In certain circumstances, personal data may be retained for longer where required for legal proceedings, regulatory investigations, complaints handling, or to establish, exercise, or defend legal claims.
12. Security Measures
We implement appropriate technical and organisational measures including:
- Secure hosting
- SSL encryption
- Password-protected systems
- Restricted staff access
- Secure case management systems (CORTBase)

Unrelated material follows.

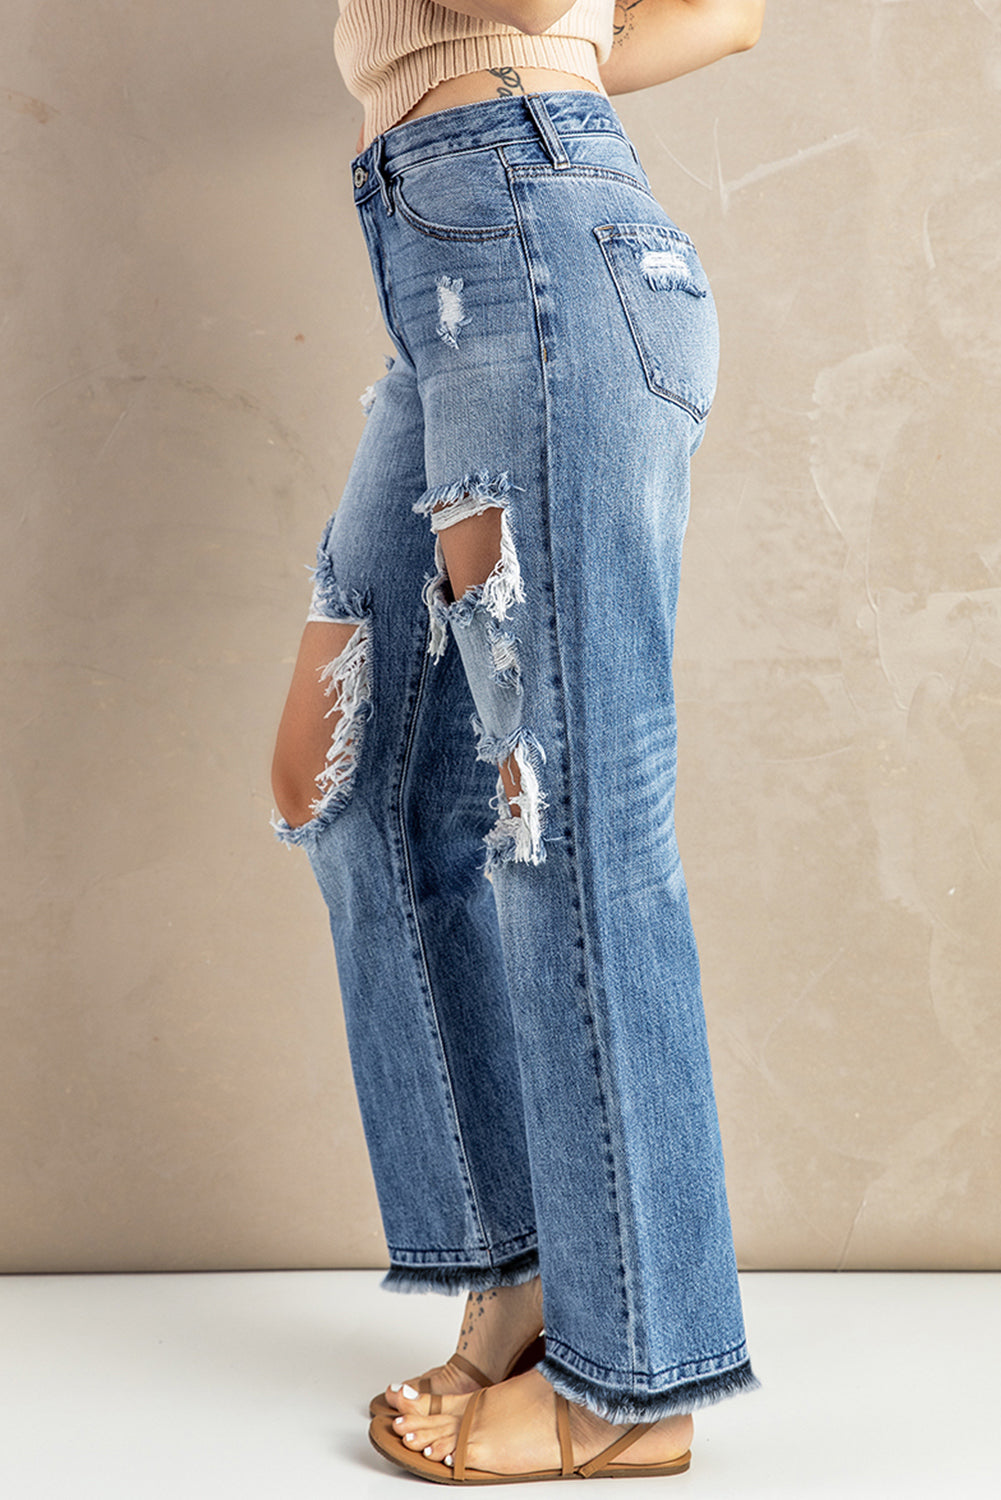 Sky Blue Distressed Holes Hollow-out Boyfriend Jeans Jeans JT's Designer Fashion

- Microsoft 365 security controls
- Antivirus and monitoring systems
13. Your Data Protection Rights
Under GDPR, you have the right to:
- Access your personal data
- Request rectification
- Request erasure (where legally permitted)
- Restrict processing
- Object to processing
- Data portability (where applicable)
- Lodge a complaint with the Data Protection Commission
Requests may be made by contacting:
officemanager@hanahoeandhanahoe.com
We may require proof of identity before processing requests.
Certain rights may be limited where personal data is subject to legal professional privilege or where restrictions apply under data protection law.
14. Complaints
If you are not satisfied with how we process your personal data, you may lodge a complaint with:
Data Protection Commission
https://www.dataprotection.ie
15. Changes to This Policy
We may update this Privacy Policy from time to time. The latest version will always be available on our website.